Advocates for tax simplification have introduced a series of bills in Congress that would clear up the tax-nexus confusion. The Business Activity Tax Simplification Act of 2013 would require that a firm have a minimal physical presence in a state before tax authorities could assess corporate income or other business taxes on it. The legislation also would require that companies operate in a state for a minimum of 15 days before they could be considered physically present; no firm could be assessed corporate taxes merely if an employee visited a state. Businesses must also own or lease some property in the state for taxes to apply, the act proposes, and it specifically states that just owning or licensing software doesn’t constitute such property. Introduced by Wisconsin Republican representative Jim Sensenbrenner and cosponsored by two Democrats and five Republicans, the legislation “aims to clear up what the [Supreme] Court left vague and ripe for misinterpretation,” Sensenbrenner said when introducing it. “Some states have misconstrued their authority to levy business activity taxes, which has resulted in uncertainty for small businesses and state governments alike. [This legislation] resolves the existing ambiguity by establishing a clear and concise rule for when a sufficient connection exists to justify taxation.”

Two other pieces of legislation previously introduced in Congress address telecommuting and taxation. The Multi-State Worker Act (previously known as the Telecommuter Tax Fairness Act) prevents a state from taxing the income of a nonresident when he’s not located in-state. States like New York could no longer use the so-called “convenience of the employer” rule to treat telecommuters as if they were physically present in the state for tax purposes. The Mobile Workforce Act, like the 2013 simplification law, bans states from taxing the income of an out-of-state worker who merely visited the state briefly, and it mandates that employees would have to spend a total of 30 days or more a year in a state before taxes would apply on income earned there.
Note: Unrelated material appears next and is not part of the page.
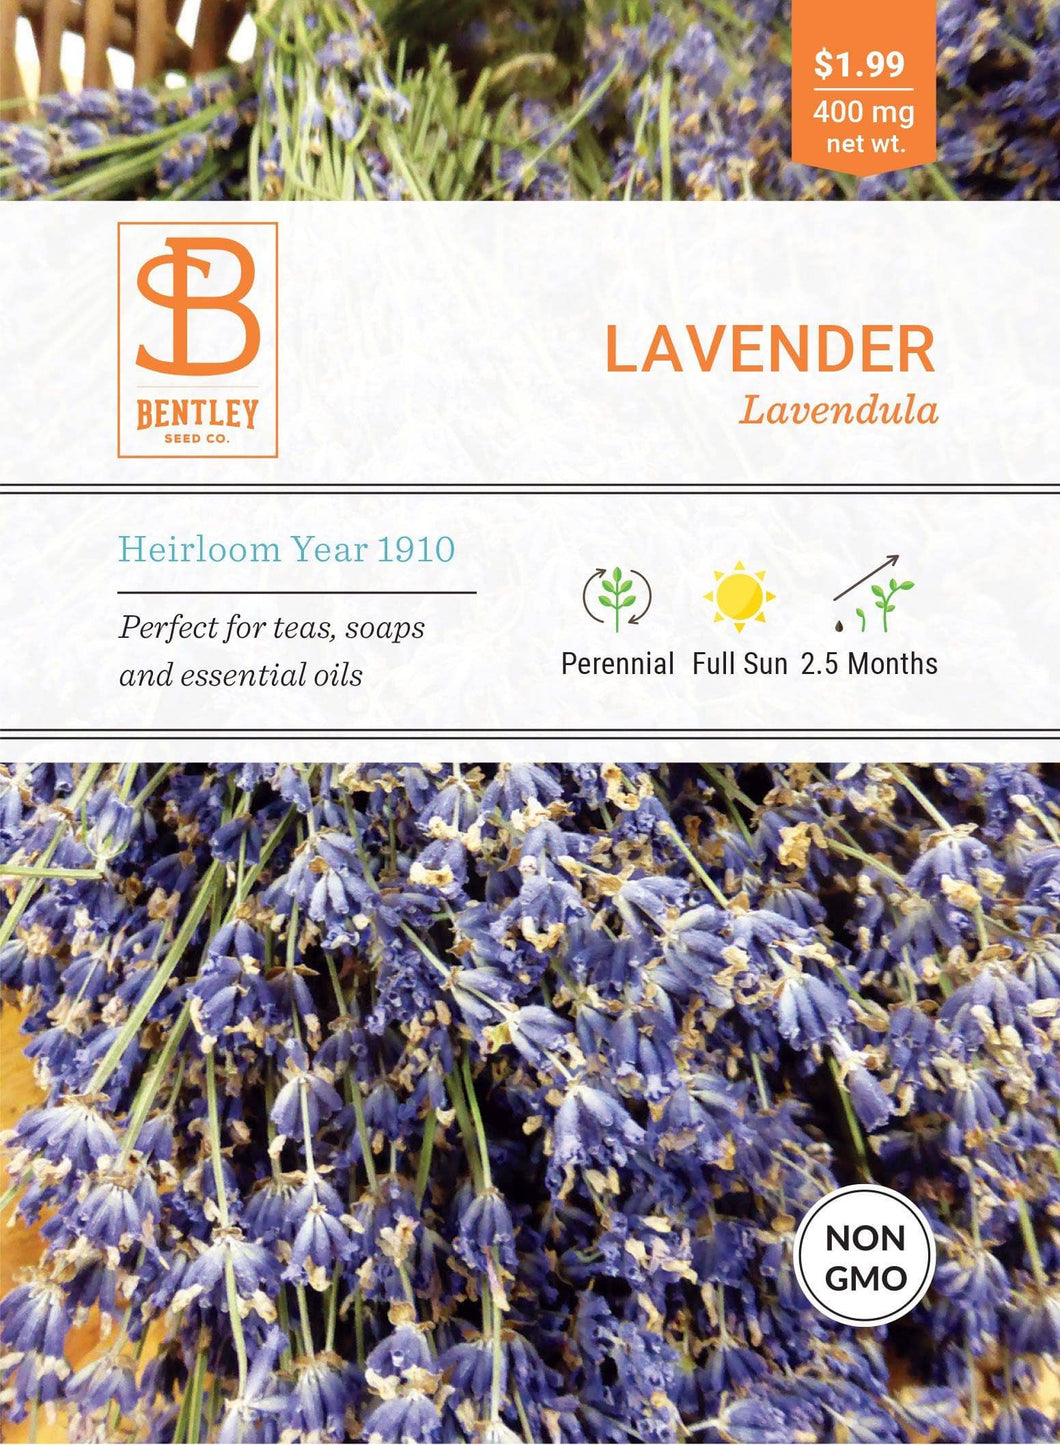 Bentley Seed Co. - Lavender

Businesses have made little headway in advancing this legislation in Congress, in part because states have kept the focus on the battle over taxation of Internet sales. But the Marketplace Fairness Act is just one part of the modern puzzle over what constitutes tax nexus. Congress should be considering the range of taxes, including those on corporate and personal income, as it contemplates the thorny issue of who and what states can tax these days.